Task description: In this exercise, return the whole listing exactly, excluding any images.

-- Data extract follows --

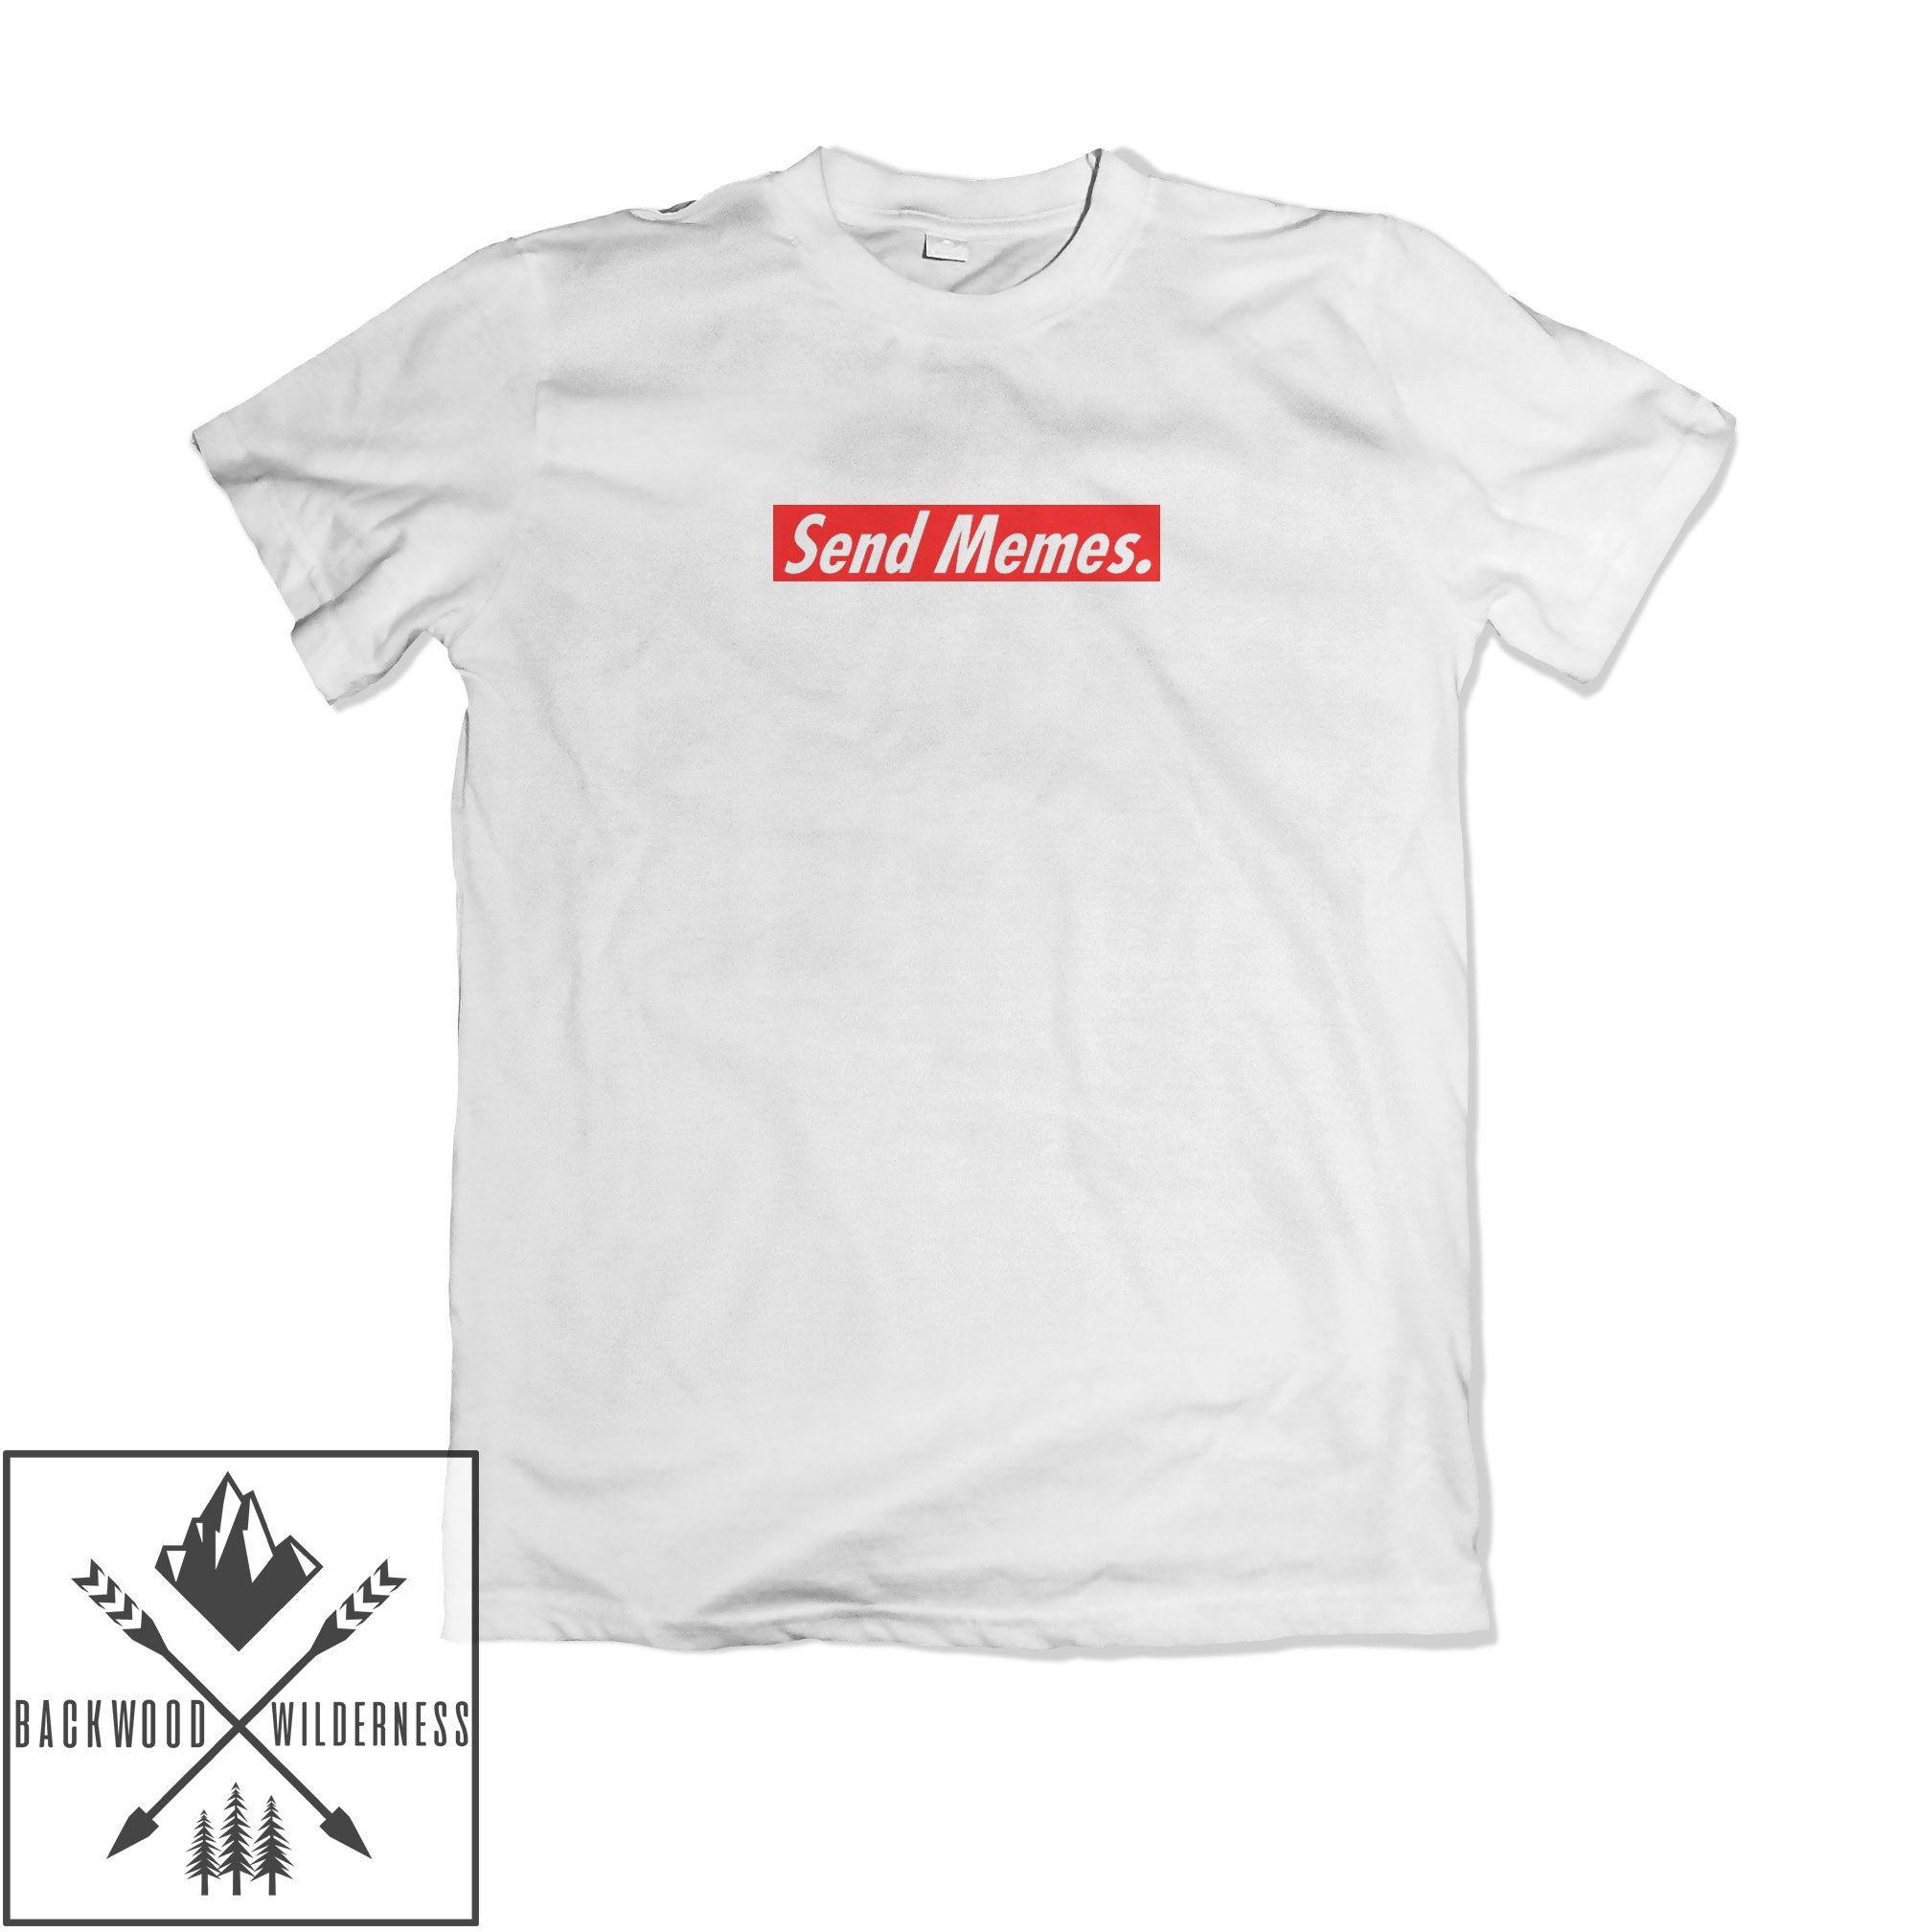 324c6b75e802b Send Menes Box logo Funny Hipster Streetwear Hypebeast Slogan Tumblr Unisex  Mens Womans T Shirt by BackwoodWilderness on Etsy
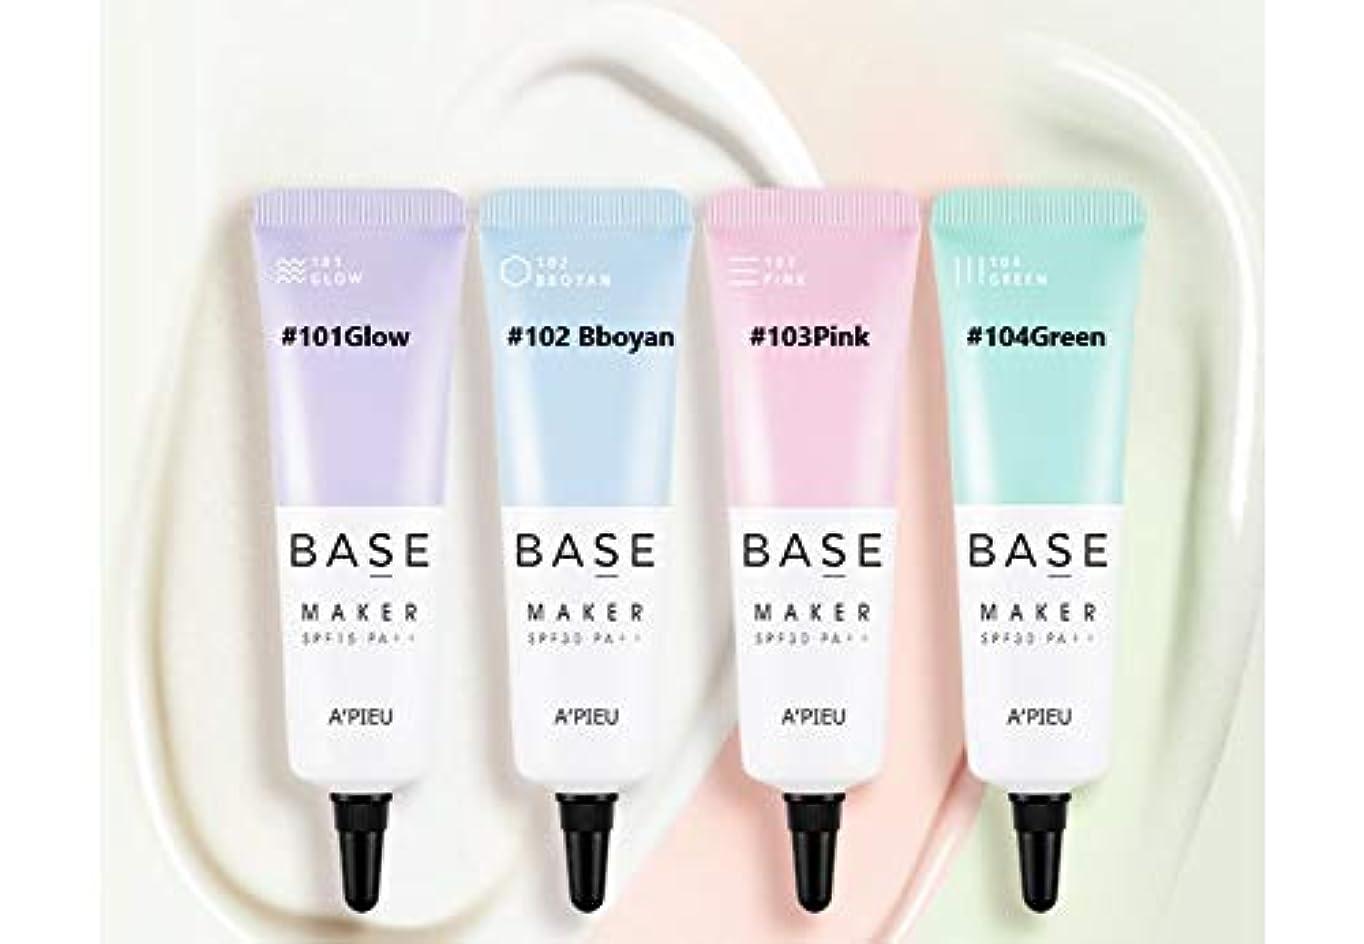 APIEU☆Base Maker 20g ☆オピュ ベース メーカー20g全4色 [並行輸入品] (#101Glow)
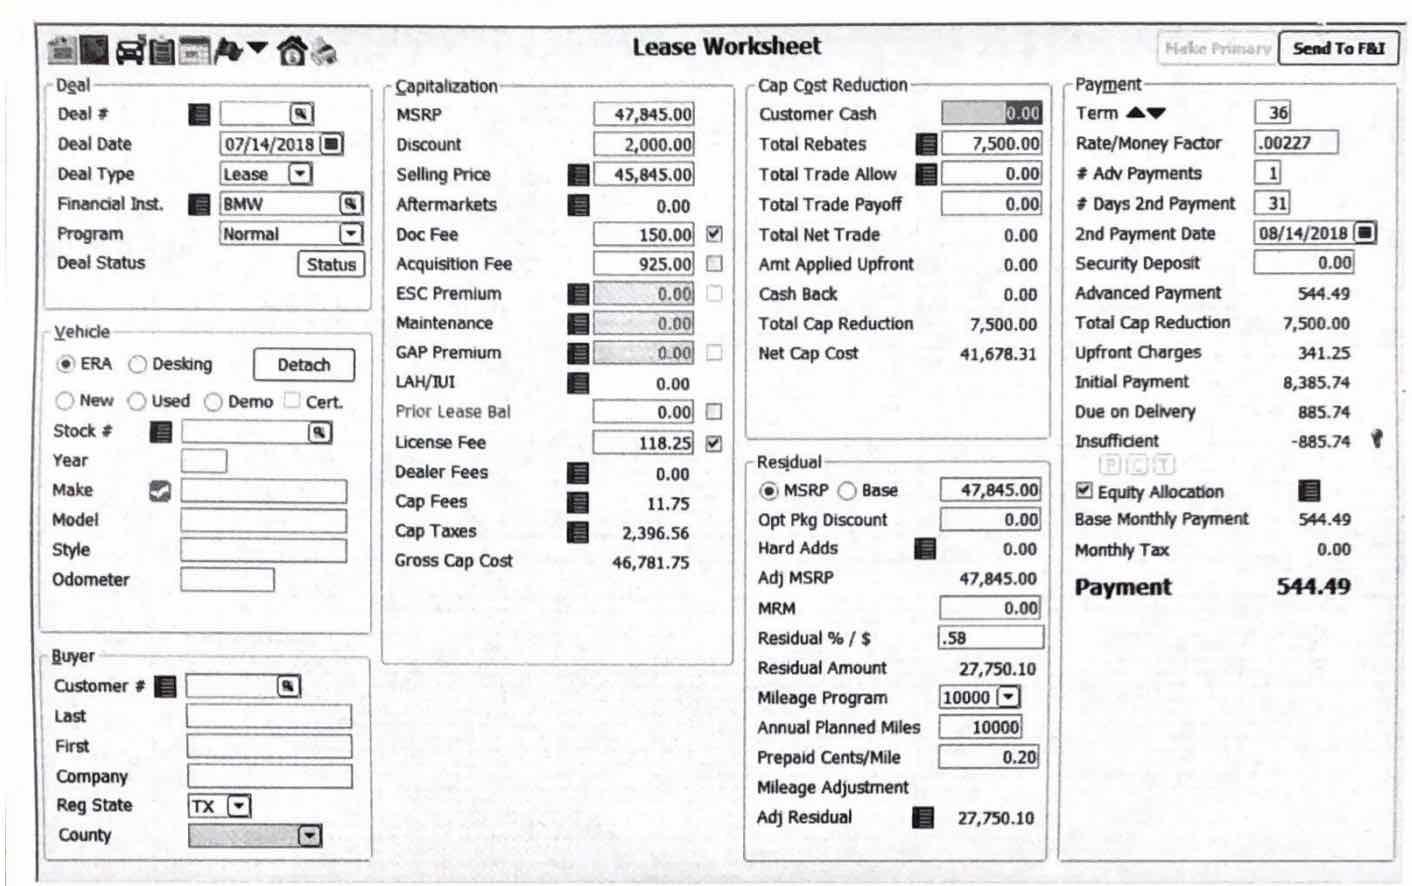 Need help understanding this BMW i3 lease worksheet - Ask
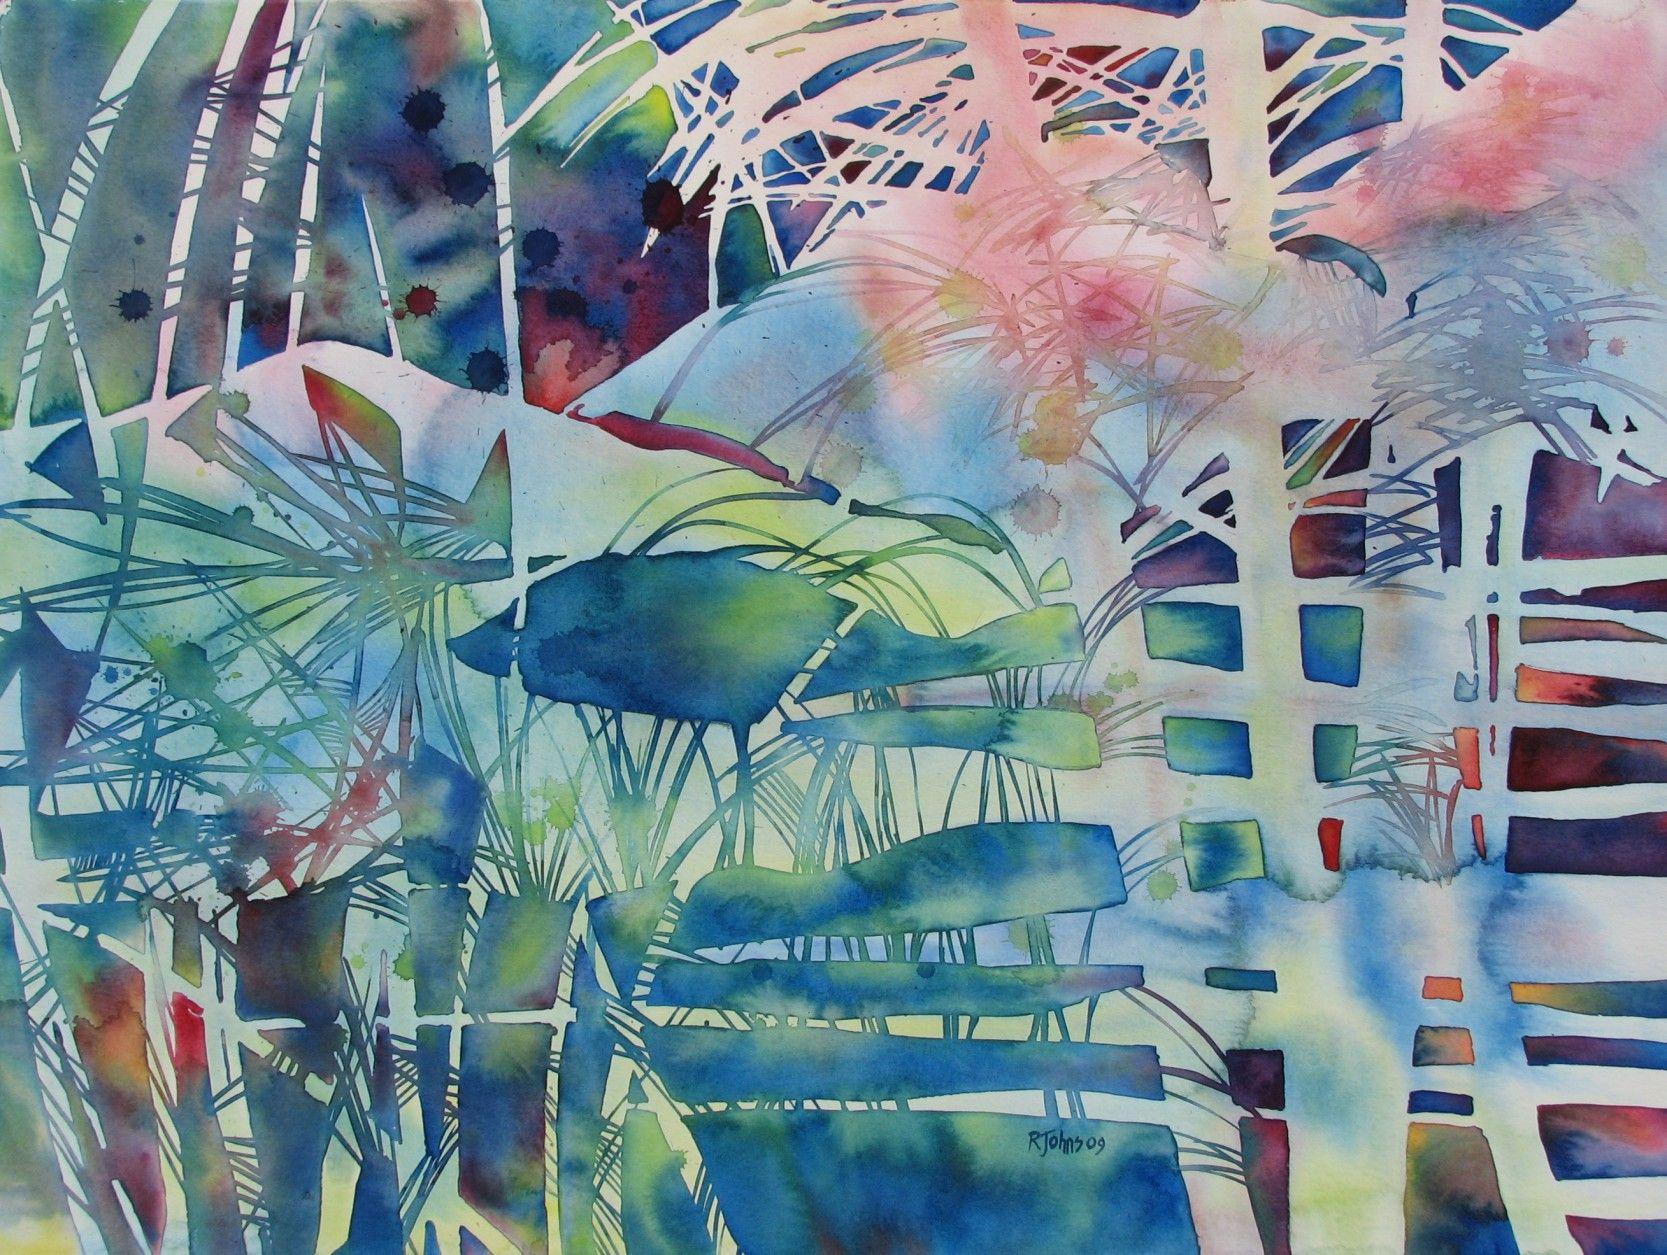 Watercolor artist magazine palm coast fl - Image Detail For Watercolor Art By Rhene Johns Artist

-- Data extract concluded --

The answer:
 324c6b75e802b Send Menes Box logo Funny Hipster Streetwear Hypebeast Slogan Tumblr Unisex  Mens Womans T Shirt by BackwoodWilderness on Etsy
 APIEU☆Base Maker 20g ☆オピュ ベース メーカー20g全4色 [並行輸入品] (#101Glow)
 Need help understanding this BMW i3 lease worksheet - Ask
 Watercolor artist magazine palm coast fl - Image Detail For Watercolor Art By Rhene Johns Artist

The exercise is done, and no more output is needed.